I really enjoyed this, especially as my own views on tradition, paganism, symbolism et al have grown and deepened. Halloween as a practice doesn’t necessarily bother me, although I still have a nuanced take based on two points,

1) Given my increased familiarity with Jonathan Pageau’s work I’ve adopted his notions of centers and peripheries, hierarchies and inversions, and the phenomenon of “carnivalia” and what role that plays spiritually and civilizationally, times when we “let loose” and embrace the inverse (from little carnivals such as weekends and evenings to big ones like, well, Carnival). There’s a mentality I’ve noted in modernist Christianity where one leaving worship will say/think, “Alrighty then, now back to the real world,” and I think as a society if we had a time where the false and inverse was highlighted for a very strictly set time (especially leading up to times of repentance and asceticism, like w/ Carnival before Lent) we’d be able to foster the mentality that the real world is actually the Church and the Sunday commute isn’t leaving but ARRIVING to reality (A. Schmemann has a similar take).

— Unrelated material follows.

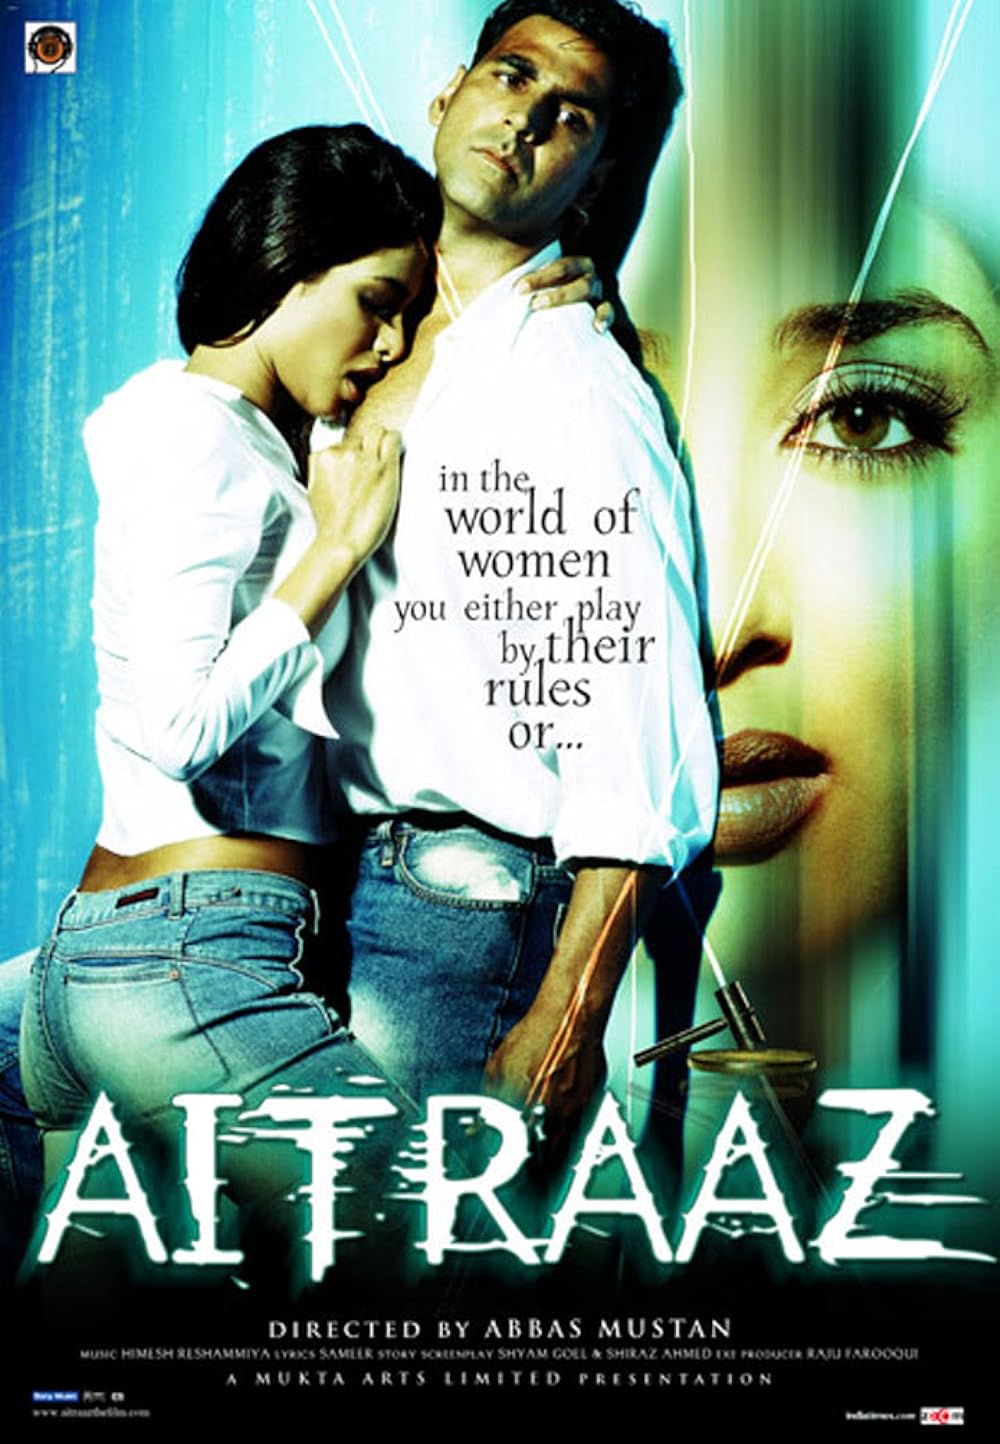 FULL MOVIE: Aitraaz (2004)

2) Halloween’s greatest issue however still remains that it’s supposed to be “All Hallow’s Eve,” and so I can’t see how to have both: the honoring of departed Saints and the Carnival spirit. This perversion, which you allude to, is much similar to what happened with Christmas, which is that a time treated special owing to a society’s religious origins needs to be capitalized on by a now secularized and commercialized society. Christmas was easier to hijack as gift-giving had always been part of it, but what to do with a day about praying or singing litanies to a bunch of dead people? Ahh, fortunately there was this long forgotten Celtic holiday that involved door-to-door charades and mumming, let’s make that going door-to-door for commercial goods and donning expensive customs! Halloween spending totals, what, several billion dollars? My point, then, is that “HalloweenTM” is bad, but “Halloween as Carnivalia” is okay, although the only way I can feasibly see us pursuing a healthier vision for either is for Halloween to be subsumed into the established Western tradition of Carnival seasons and All Hallows’ Day being rediscovered (I think the cult of the saints could be a major antidote to modernity and disenchantment).